What the exercise asks: Please return the full listing word for word, leaving out any pictures.

*** Opening Source material ***

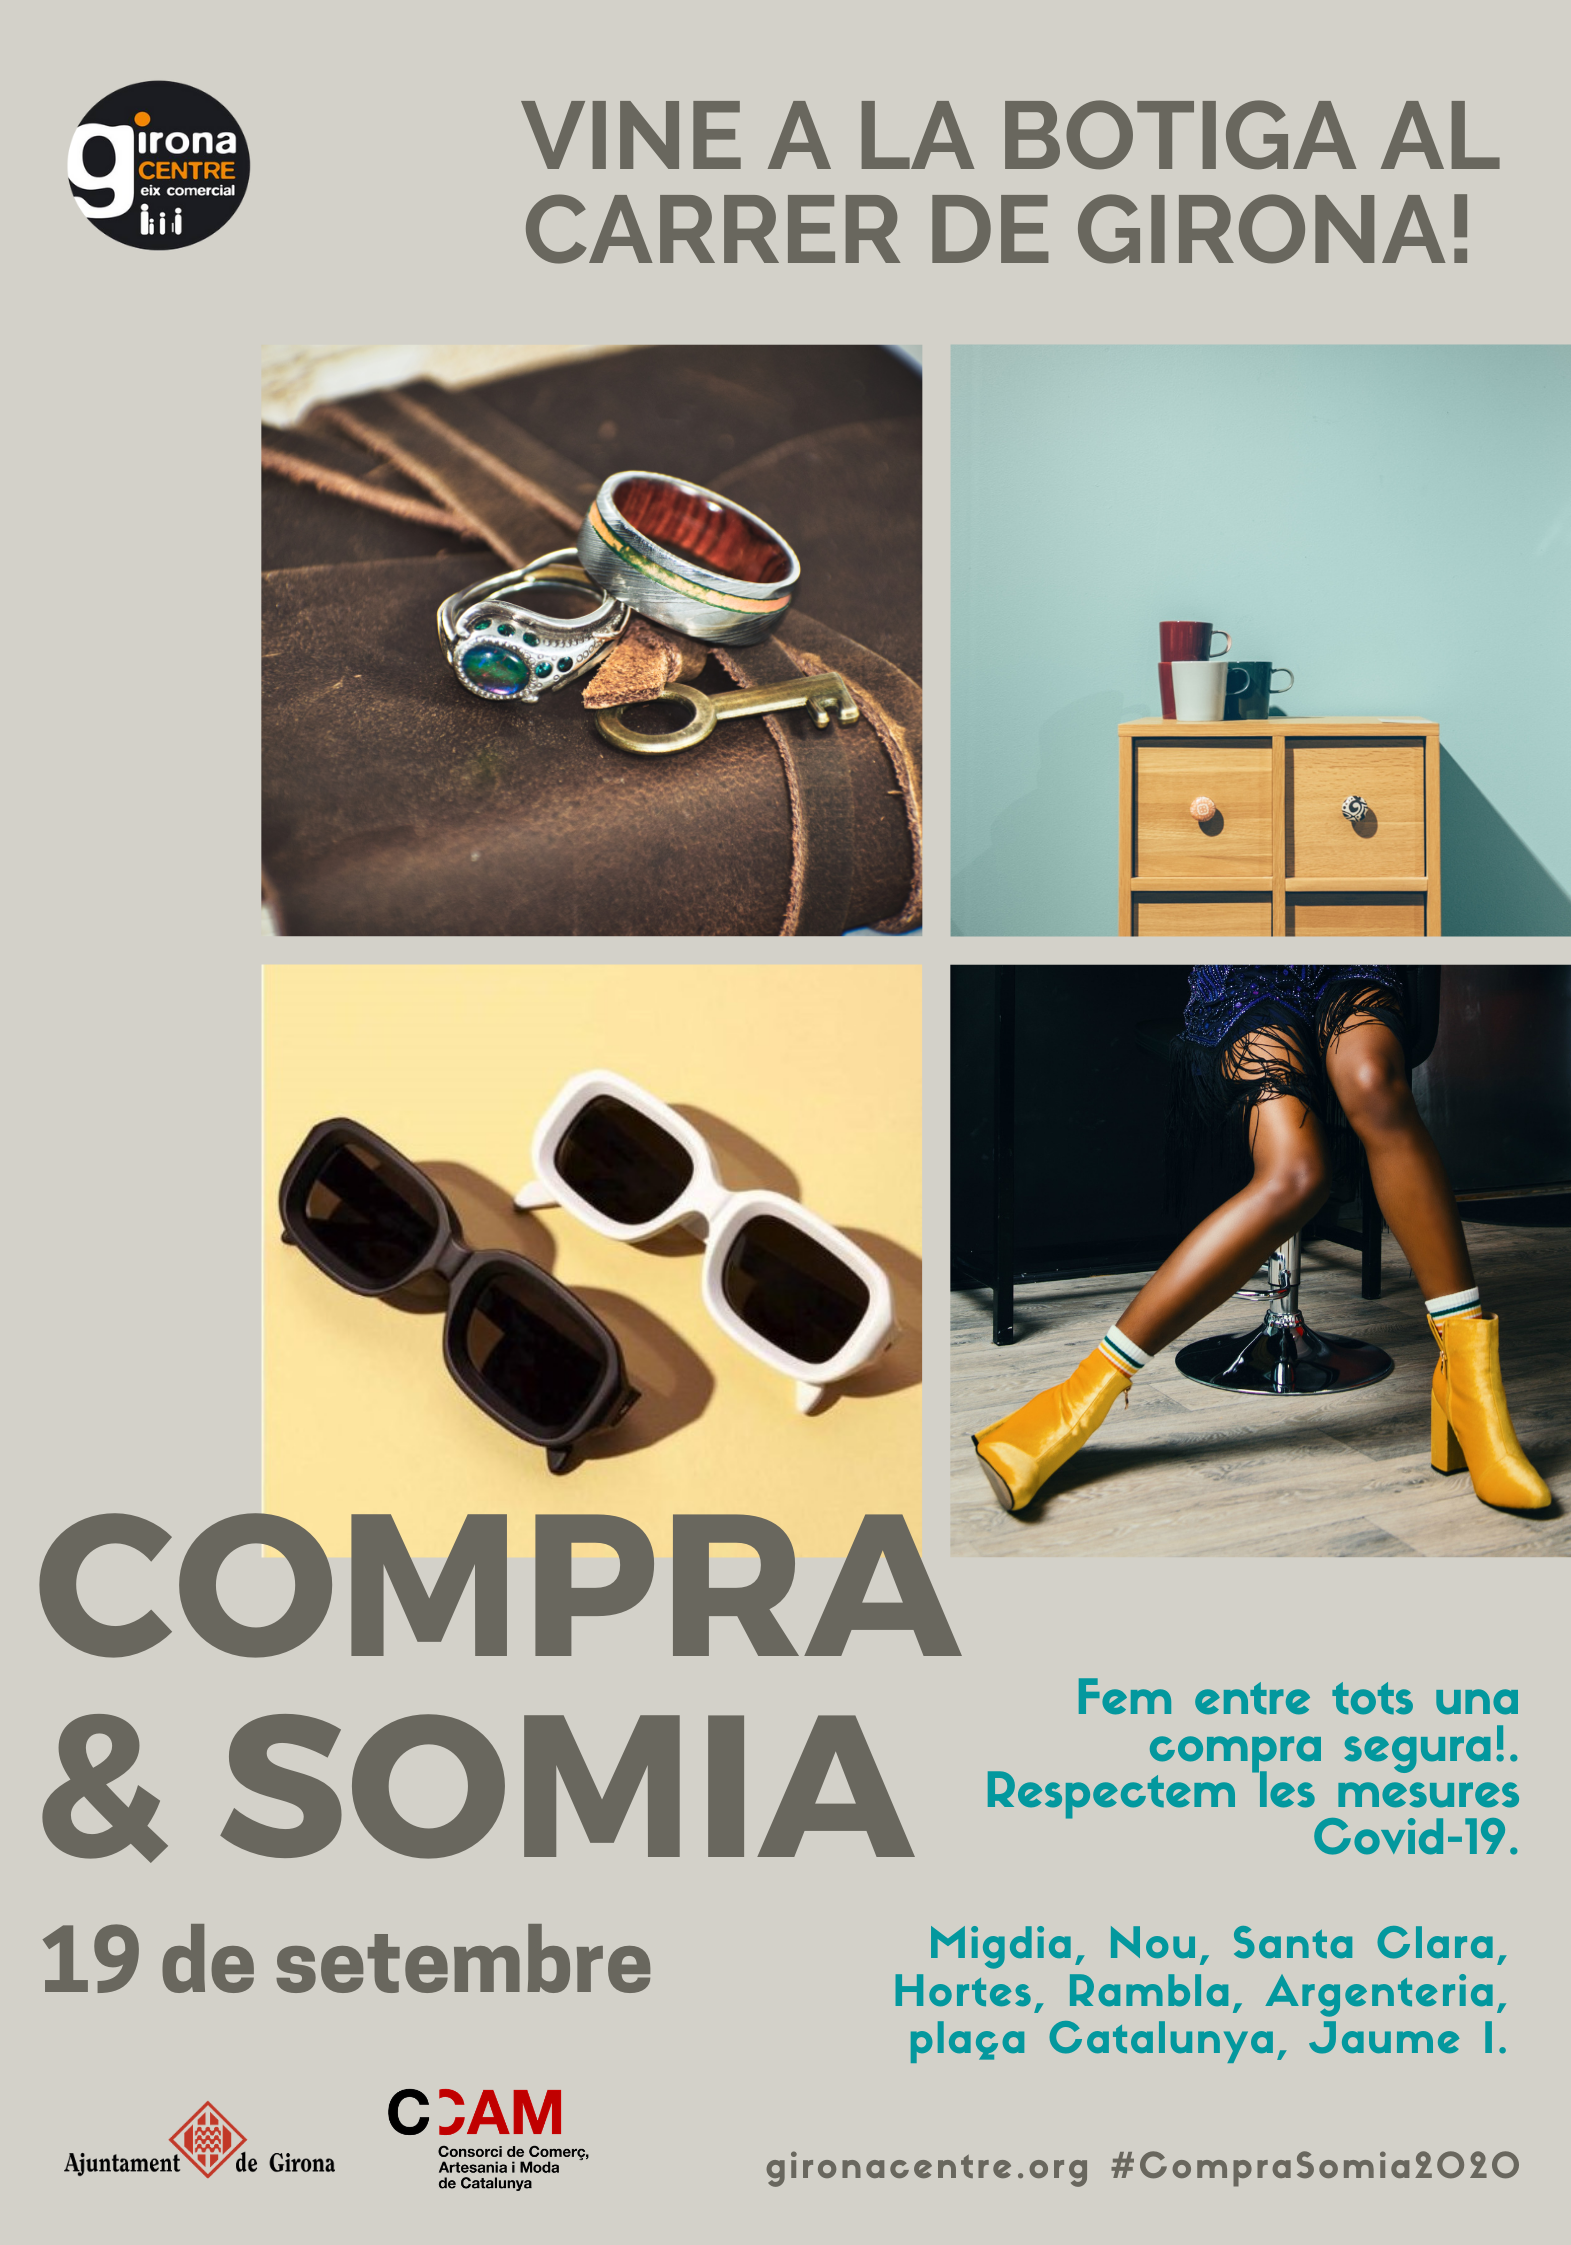 Dissabte 19 de setembre, la botiga al carrer "Compra & Somia"
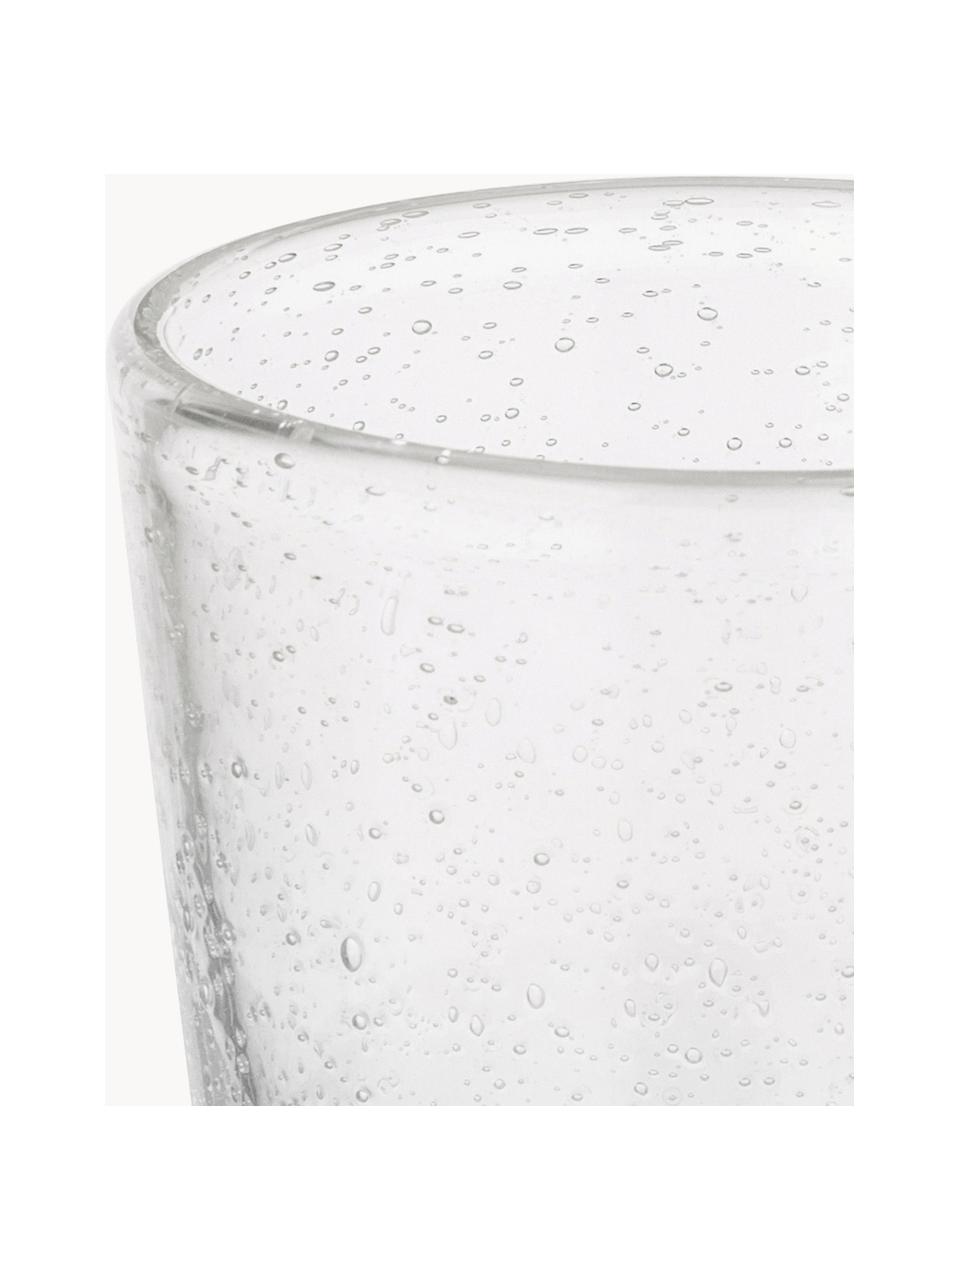 Mundgeblasene Wassergläser Bubble mit dekorativen Luftbläschen, 4 Stück, Glas, mundgeblasen, Transparent, Ø 8 x H 10 cm, 250 ml
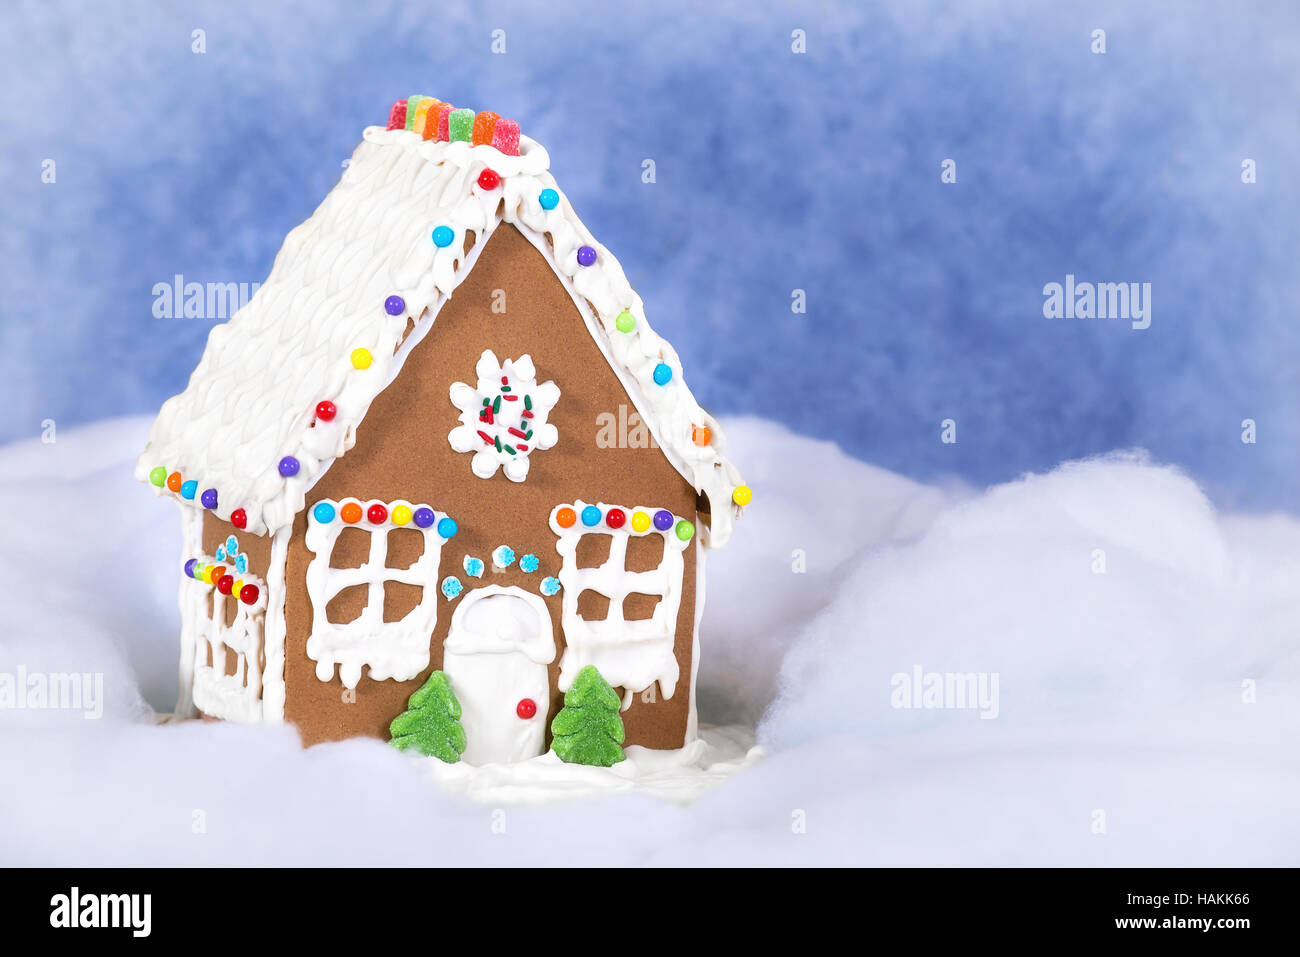 Noël fait maison Gingerbread House affiche de la neige et du ciel bleu Banque D'Images

*** Closing Source material ***

Response below:
 Dissabte 19 de setembre, la botiga al carrer "Compra & Somia"
 Mundgeblasene Wassergläser Bubble mit dekorativen Luftbläschen, 4 Stück, Glas, mundgeblasen, Transparent, Ø 8 x H 10 cm, 250 ml
 Noël fait maison Gingerbread House affiche de la neige et du ciel bleu Banque D'Images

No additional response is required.